Ahora bien, creemos que esta perspectiva es, solamente «en algún sentido», una negación de la historia. Por que en su virtud de núcleo gnoseológico de un subterfugio ideológico se nos ofrece, entonces, no ya tanto como un detenimiento del curso histórico político del mundo sino como el intento ideológico de afianzar «como una segunda naturaleza del hombre», ineluctable e irreversible, las coordenadas geopolíticas de un determinado orden mundial, a saber: el orden de la Democracia de Mercado neoliberal como última fase, como fin, de la historia.

C. Final

Bien. Decantando la realidad política que en estos momentos críticos acontece en México, su significado político se proyecta ahora de modo muy distinto.

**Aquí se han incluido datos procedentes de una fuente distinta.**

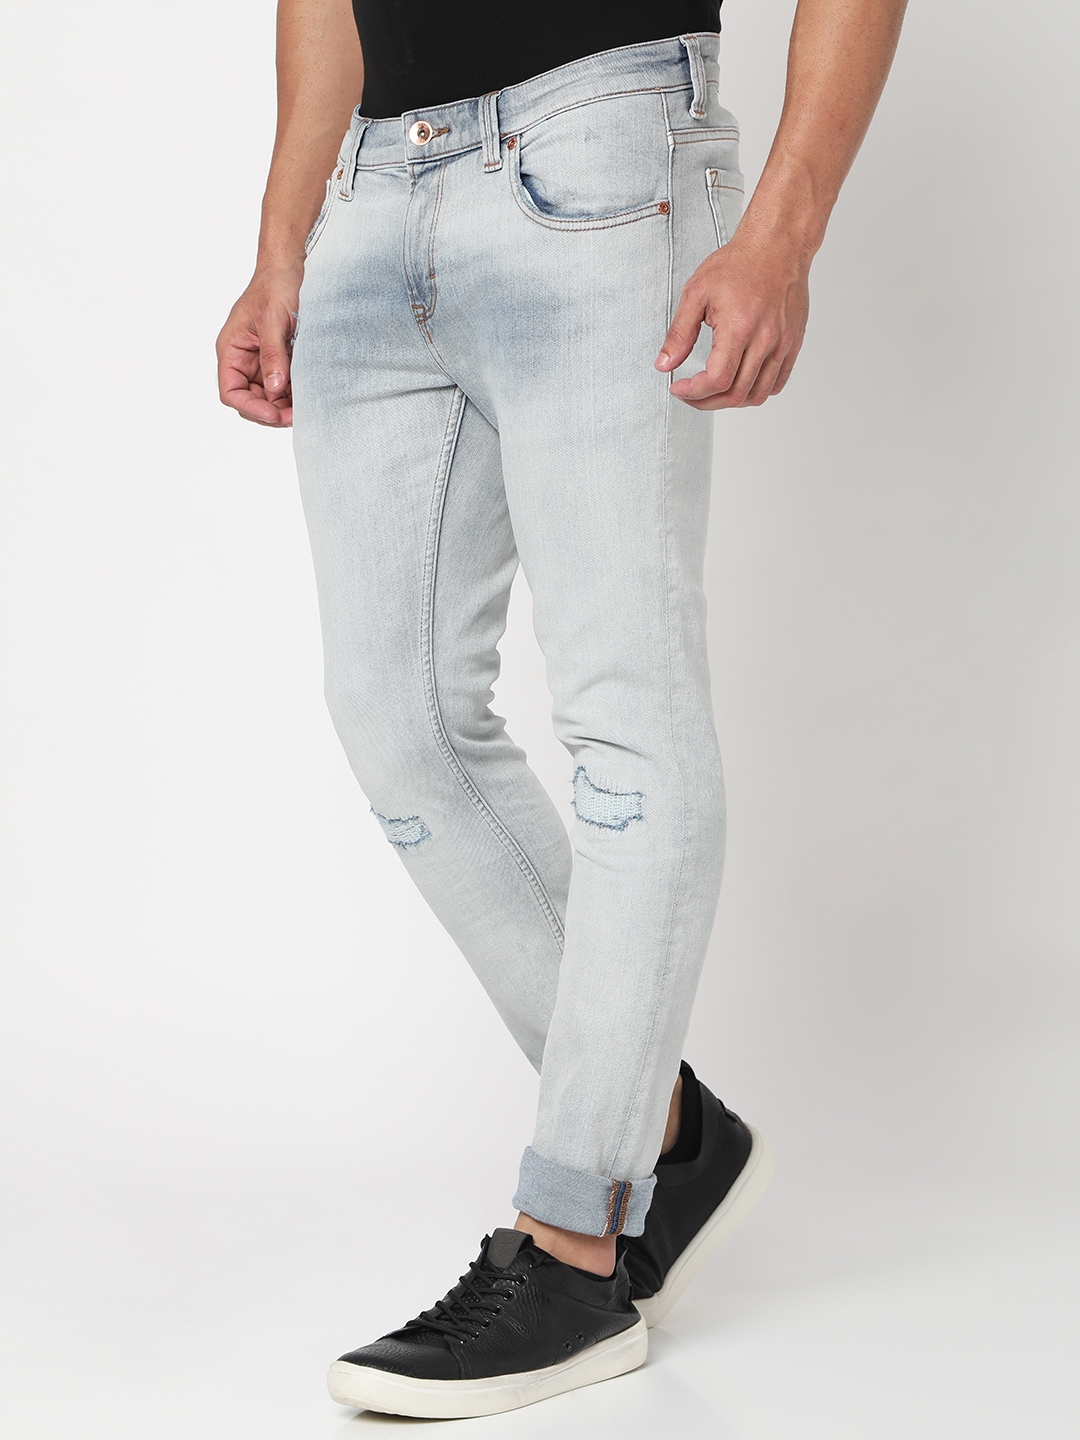 spykar | Men's Blue Cotton Blend Solid Jeans 1

Efectivamente, sólo desde la perspectiva del antropologismo político, desde su racionalidad abstracta, es posible considerar tanto al discurso político como a las acciones estratégicas de Andrés Manuel López Obrador y la coalición que encabeza, como caprichos irracionales, como subjetiva y vulgar obsesión por el poder o como producto de desvaríos psicológicos mesiánicos. Pero, sorprendentemente, la mayor parte de las críticas que «politólogos» e historiadores han hecho a López Obrador han sido, según hemos visto, de naturaleza psicológica y no, precisamente como se debería esperar, política o histórica.

Porque desde la perspectiva del historicismo político, desde su racionalidad dialéctica, lo que observamos es una estrategia perfectamente definida de confrontación política dada a escala histórica (AMLO es el único candidato que ha cifrado su discurso político en coordenadas históricas), dirigida precisamente a desmantelar, a hacer estallar de un doble tiro, tanto al bloque político de poder que controla el Estado mexicano como a la bóveda ideológica bajo cuyo techo este bloque se ha afianzado histórica e ideológicamente en México. Observamos, en resolución, una estrategia que tiene la firme determinación política (y no psicológica) de negarse a aceptar, en absoluto, que la historia ha llegado a su fin.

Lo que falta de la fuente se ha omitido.